Although the patient did not respond to penicillin, which is normally an effective treatment for anthrax, examination of a smear from the pustule confirmed that she had indeed been infected by B. anthracis. Antibiotic tests then showed that the microbe was resistant to penicillin but sensitive to tetracycline. Treatment was switched accordingly and the woman recovered, returning home after spending about a month in hospital.

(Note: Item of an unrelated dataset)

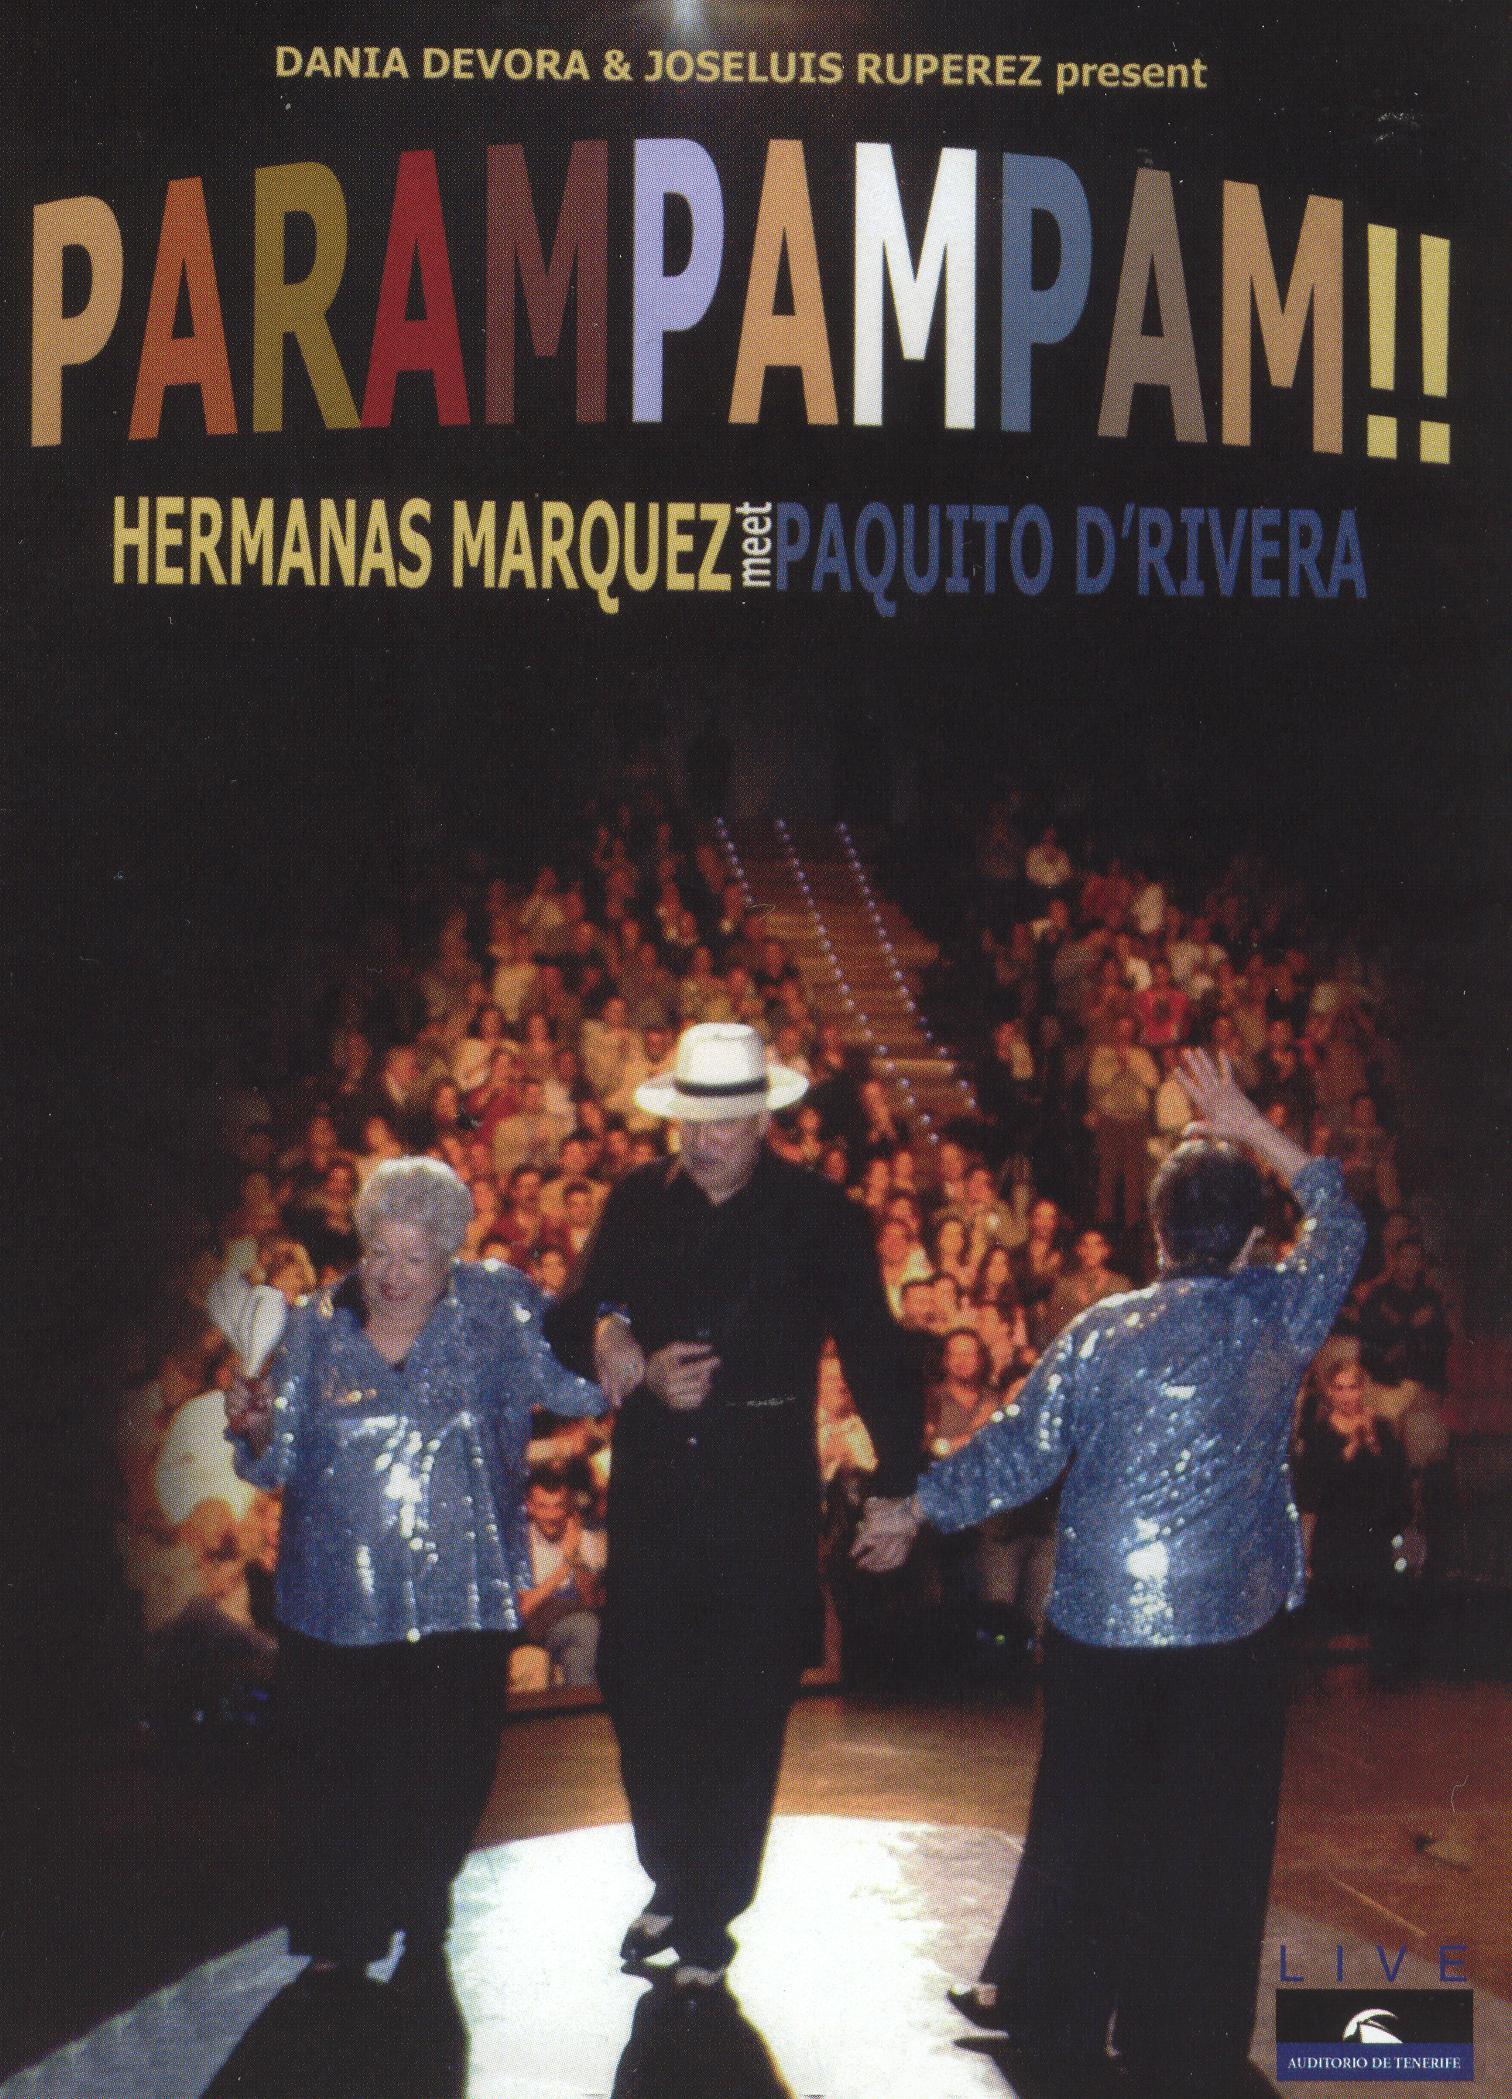 Parampampam: Hermanas Marquez Meet Paquito D'Rivera
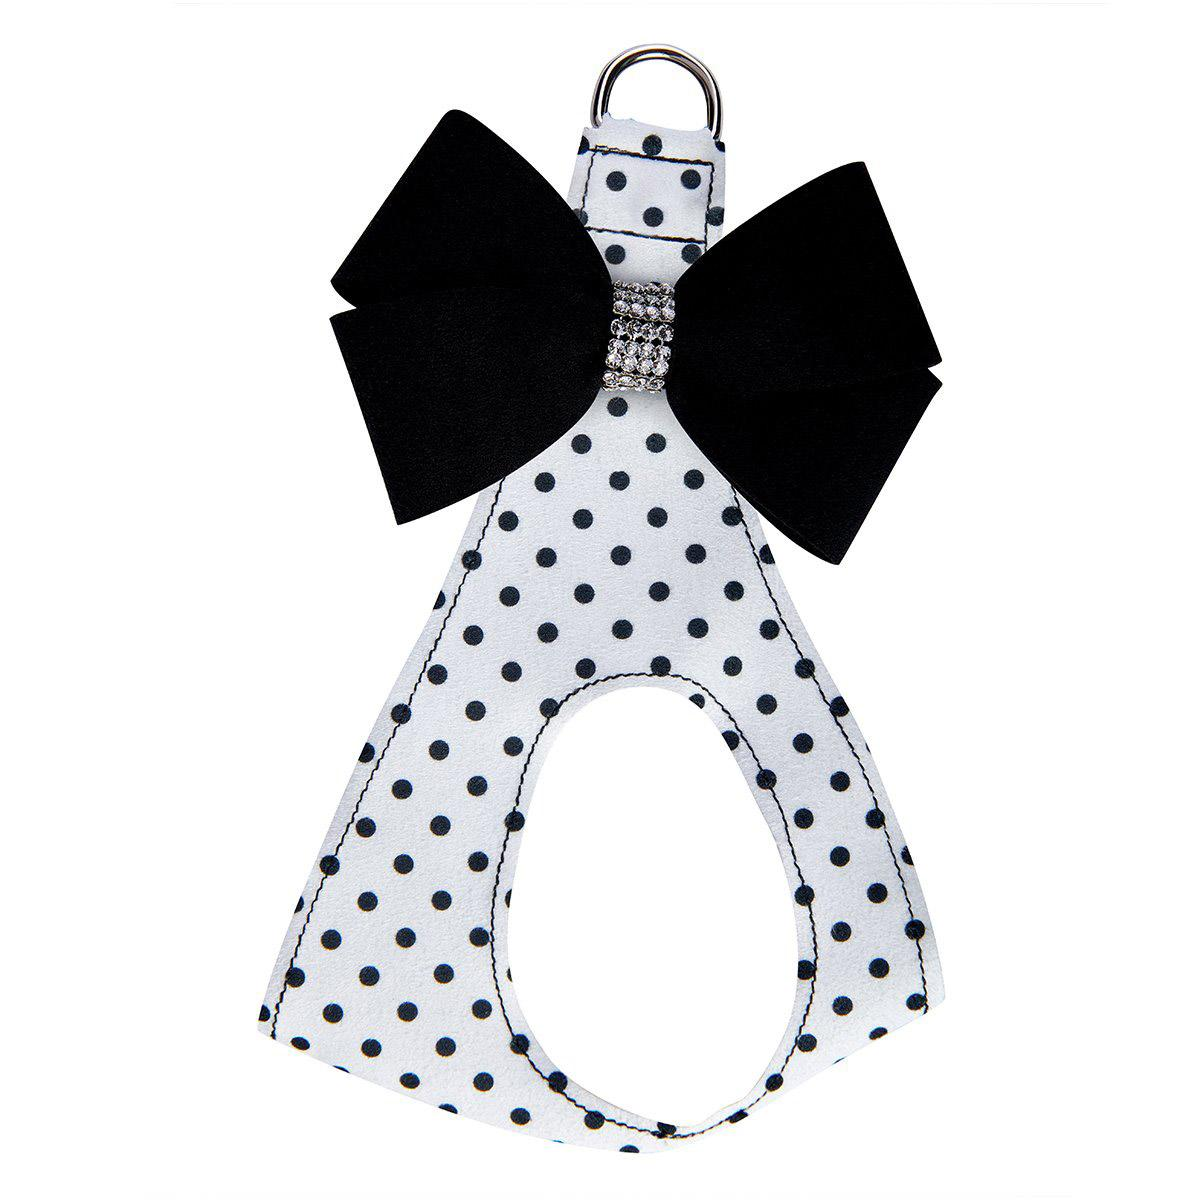 Black & White Nouveau Bow Polka Dot Step-In Dog Harness by Susan Lanci - Black Bow

The evidence is circumstantial, but it is highly likely that the original source of the microbe, transmitted by a gadfly or other biting insect, was the carcass of a cow that had died of anthrax a few weeks earlier and had simply been left in a pit near the woman's home. Drawing attention to the disruption of veterinary and medical services during the conflict in Croatia and Bosnia-Herzegovina, Dr Bradaric and Dr Punda-Polic argue that this incident raises the possibility of entire outbreaks of anthrax - which would be doubly dangerous if caused by the penicillin-resistant B. anthracis.

It's an ironic coincidence that such a prospect arises on the 50th anniversary of experiments conducted in Great Britain that were designed to clarify the suitability of B. anthracis as an agent of biological warfare. Following a pilot experiment the previous year, it was in the autumn and winter of 1942 that scientists from a Ministry of Defence laboratory at Porton Down in Wiltshire paid three visits to Gruinard Island off Scotland's north-west coast. There they exploded six 'bomblets' containing billions of anthrax spores. The bomblets were detonated on a gantry, with sheep tethered in concentric circles below. Finally, an aeroplane came in low over the island and dropped another anthrax bomb into the experimental area.

The purpose of these manoeuvres remains controversial even today. In addition to assessing the implications of a form of warfare thought to be under development in Germany and Japan, there have been claims that the British government was also giving serious consideration to the idea of using biological weapons. Possible, though ambiguous, support for that proposition comes from Churchill's statement that he was 'prepared to do anything to hit the enemy in a murderous place'. What is certain (though eminently predictable at the time) is that the Gruinard sheep began to die within days of being exposed to B. anthracis. Moreover, when Porton's bacteriologists left their Hebridean testing ground, the soil was to remain heavily contaminated for more than four decades until it was finally disinfected in 1986 and 1987. Confirmation that this deadly microbe can survive almost indefinitely in the environment remains grimly relevant to warfare today.